Start of SOURCE MATERIAL
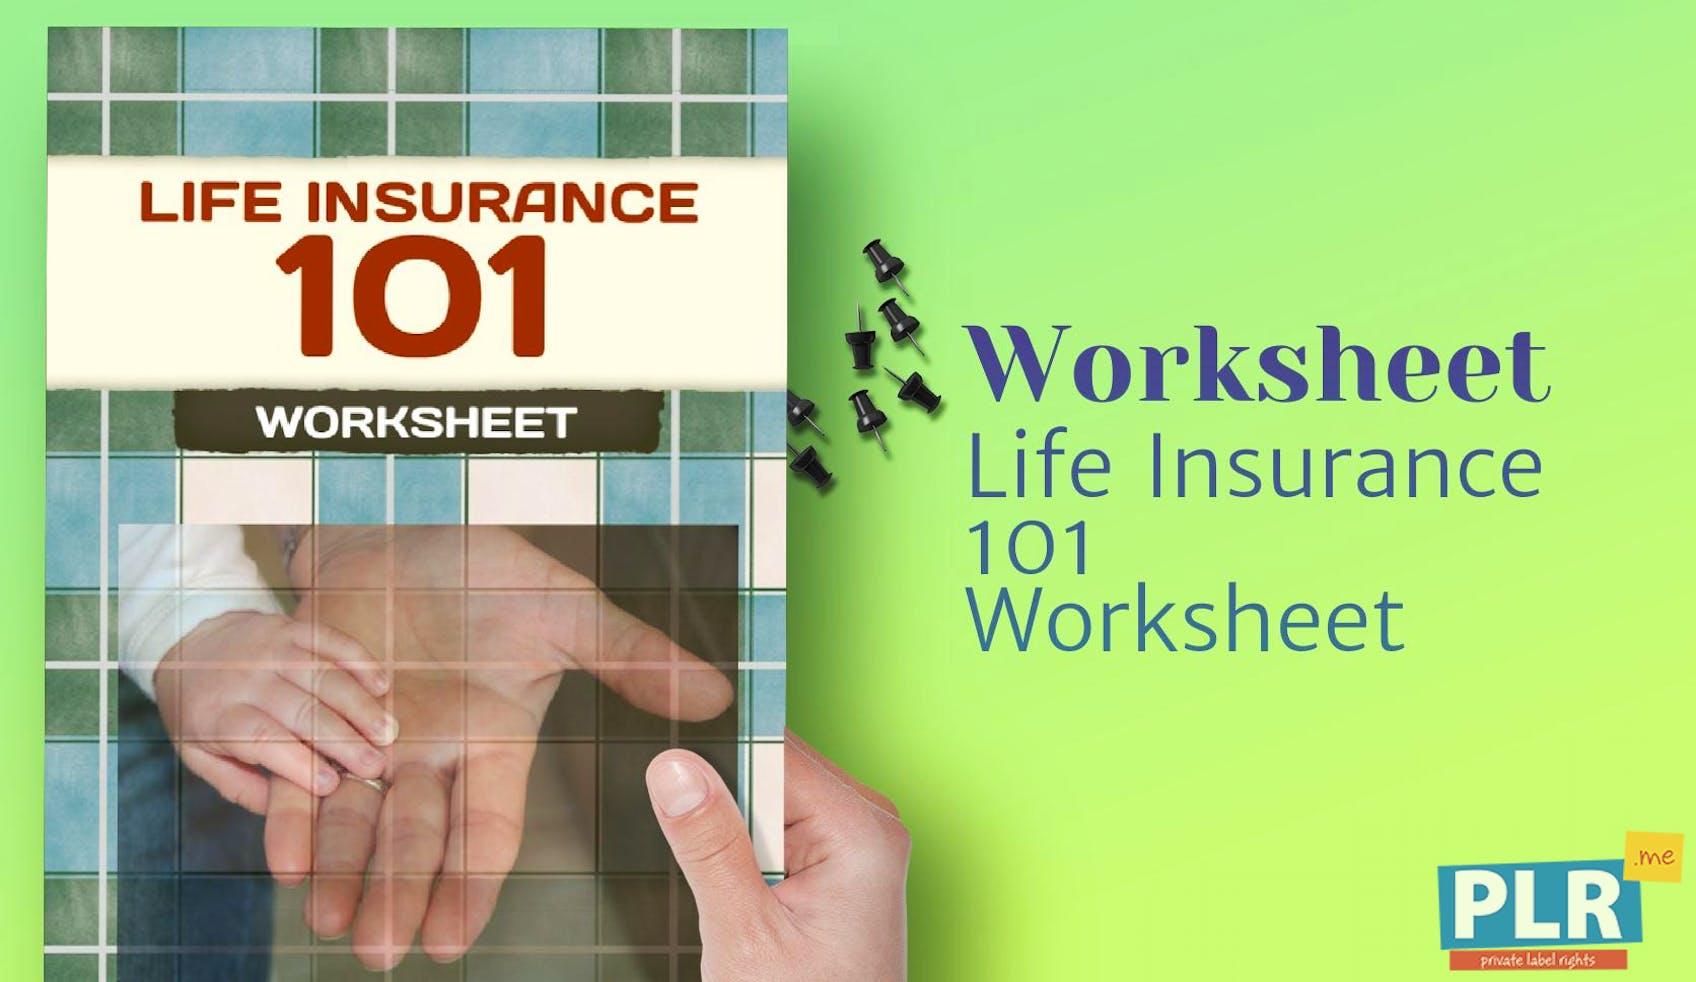 Plrgix3861 life insurance 101 worksheet 1 altavistaventures Images
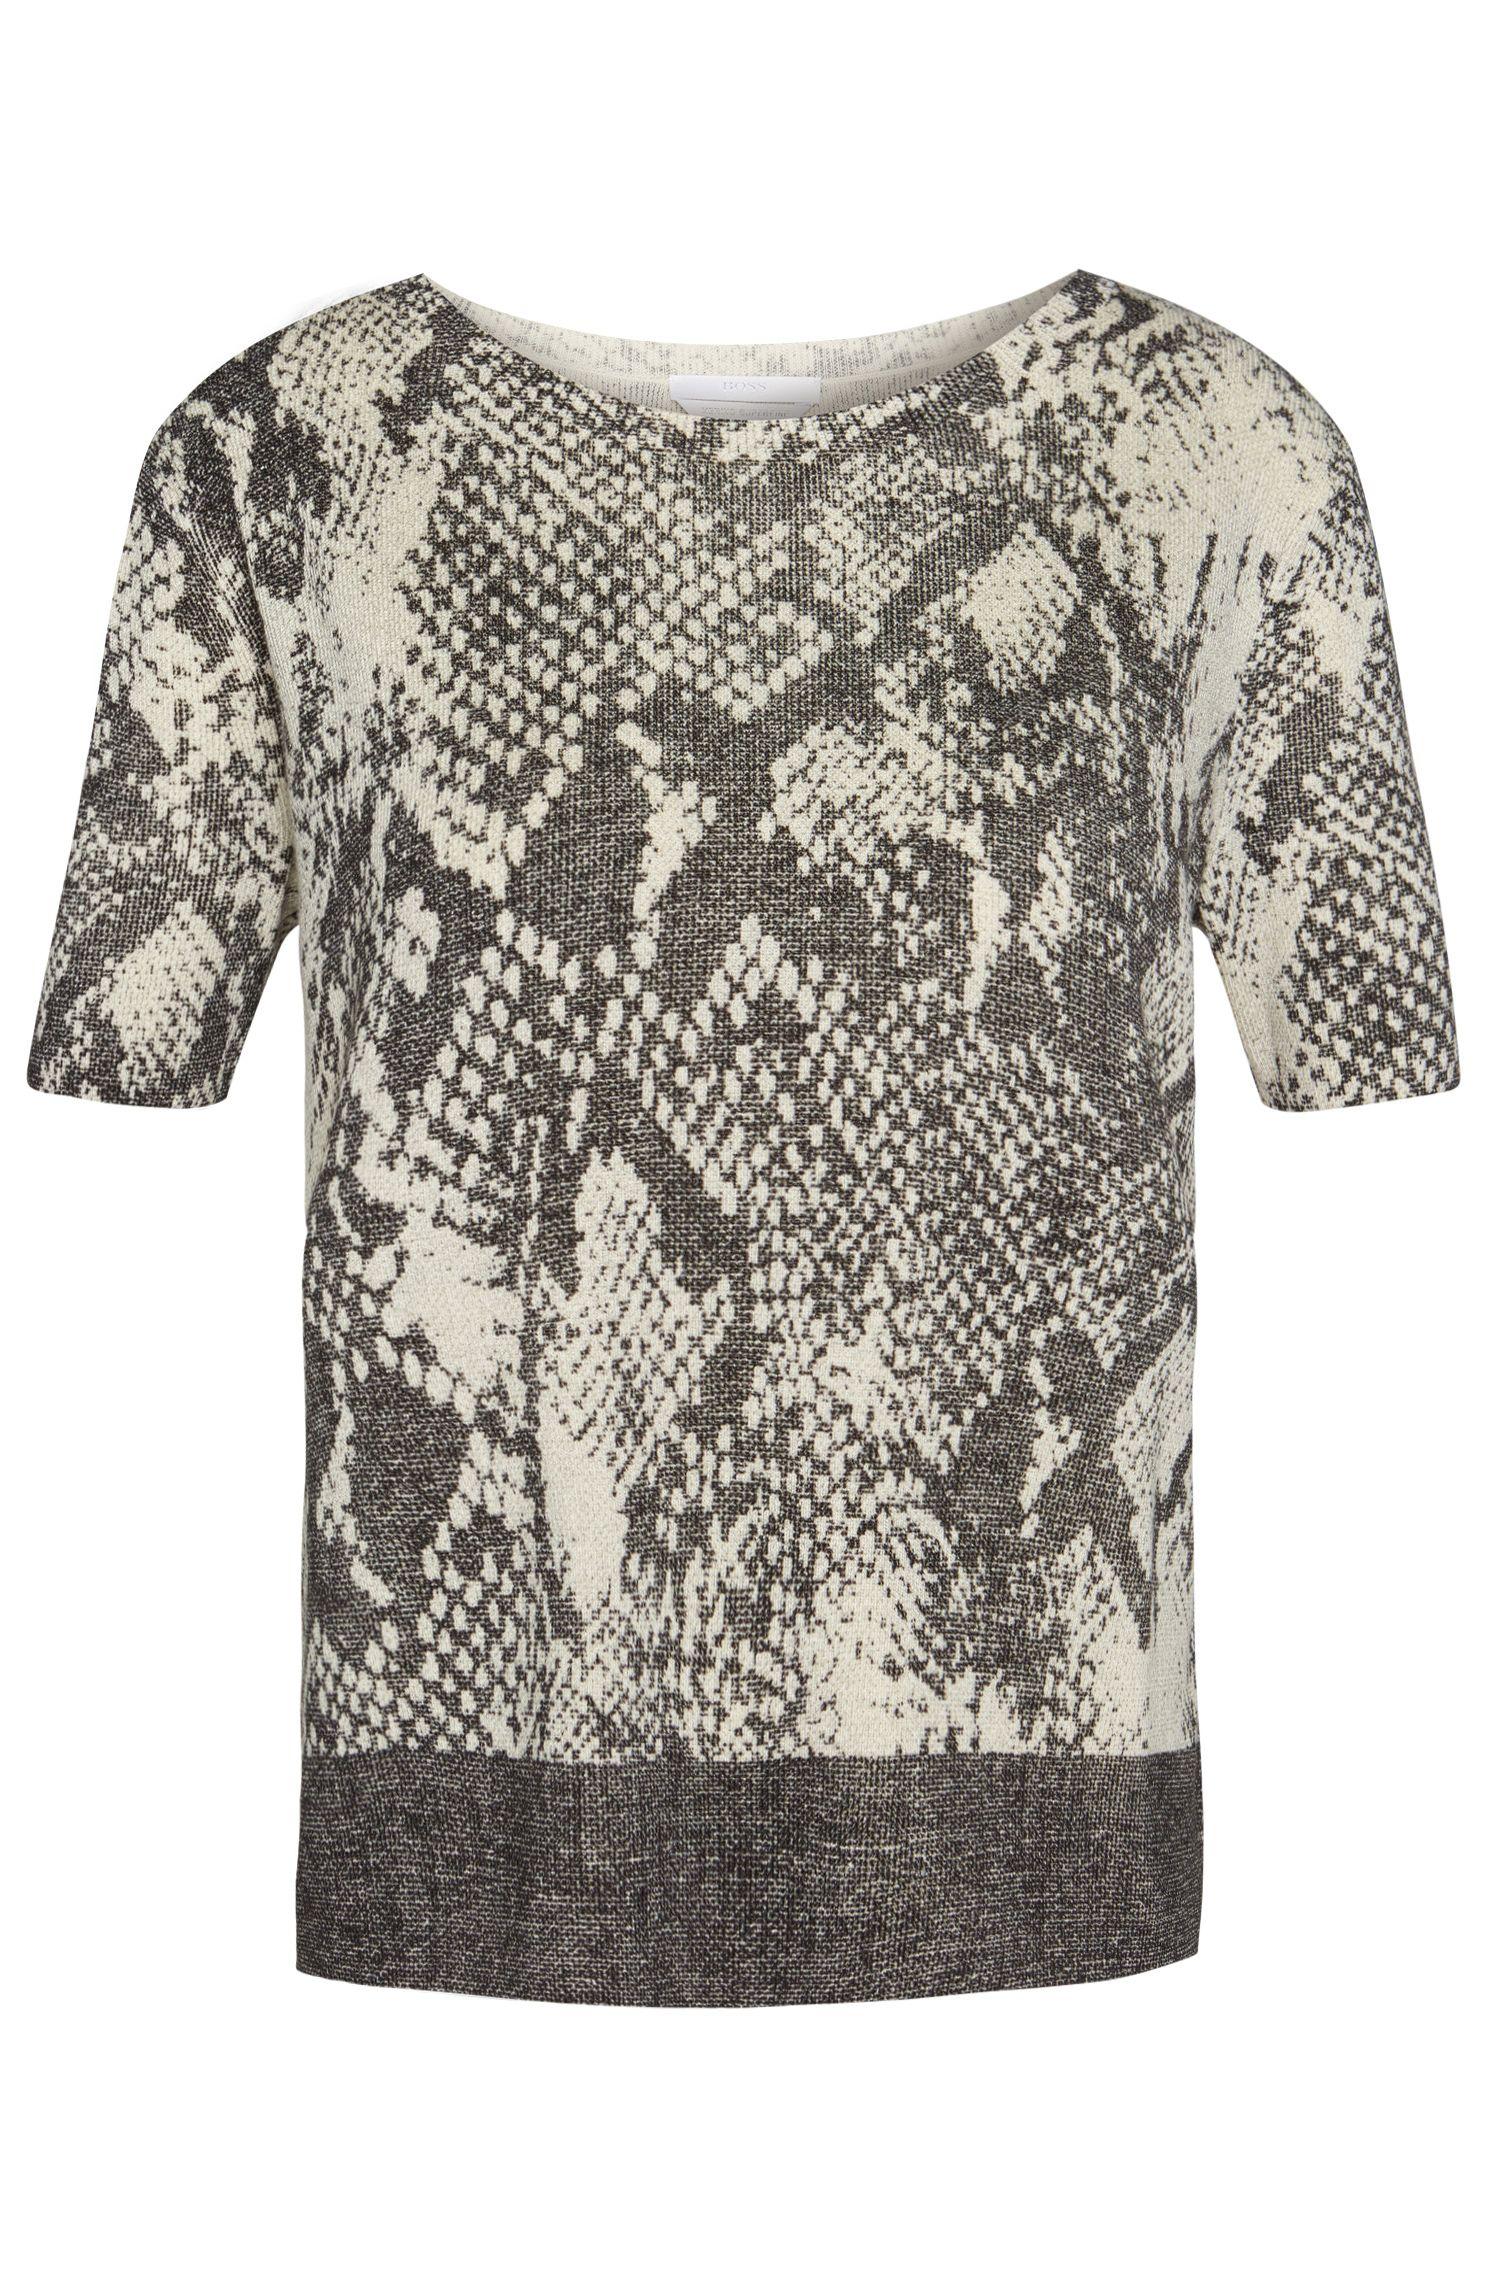 Jersey de manga corta en lana virgen suave con estampado animal: 'Fakiri'
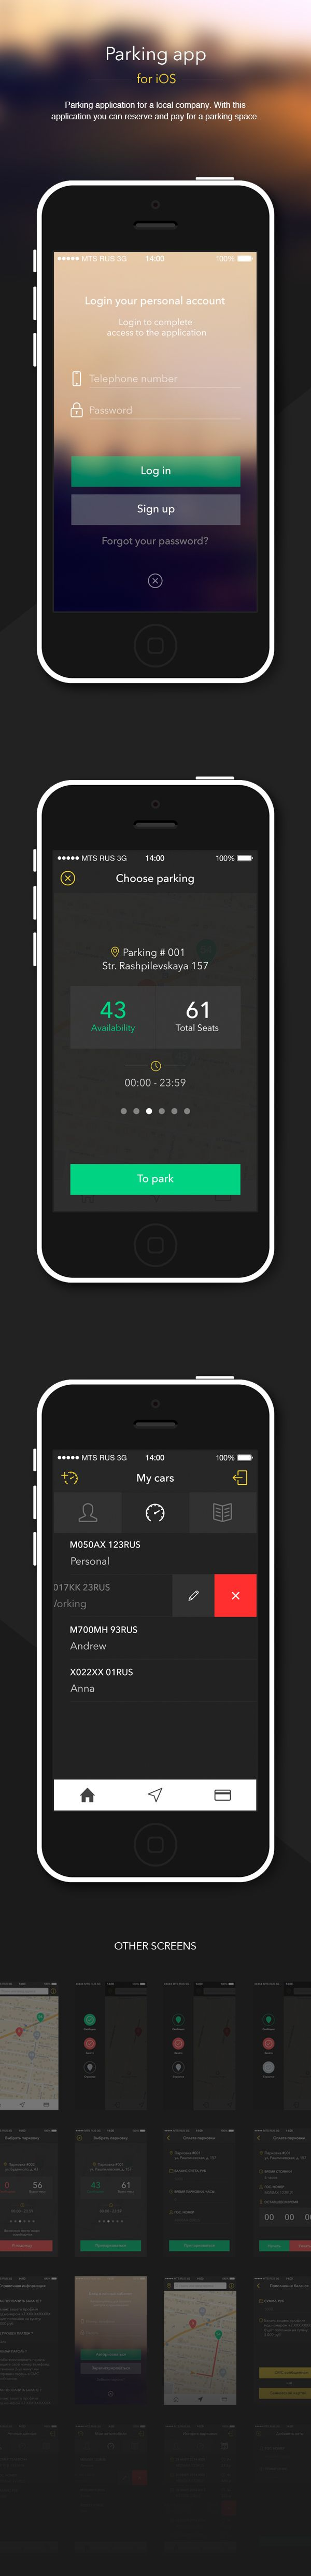 Parking app iOS by Maxim Sorokin, via Behance
End of SOURCE MATERIAL
YOUR OBJECTIVE:
Keeping pictures out, repeat exactly the lines from the one containing "Jersey de manga" through the end of the listing.

ANSWER SPACE:
 Jersey de manga corta en lana virgen suave con estampado animal: 'Fakiri'
 Parking app iOS by Maxim Sorokin, via Behance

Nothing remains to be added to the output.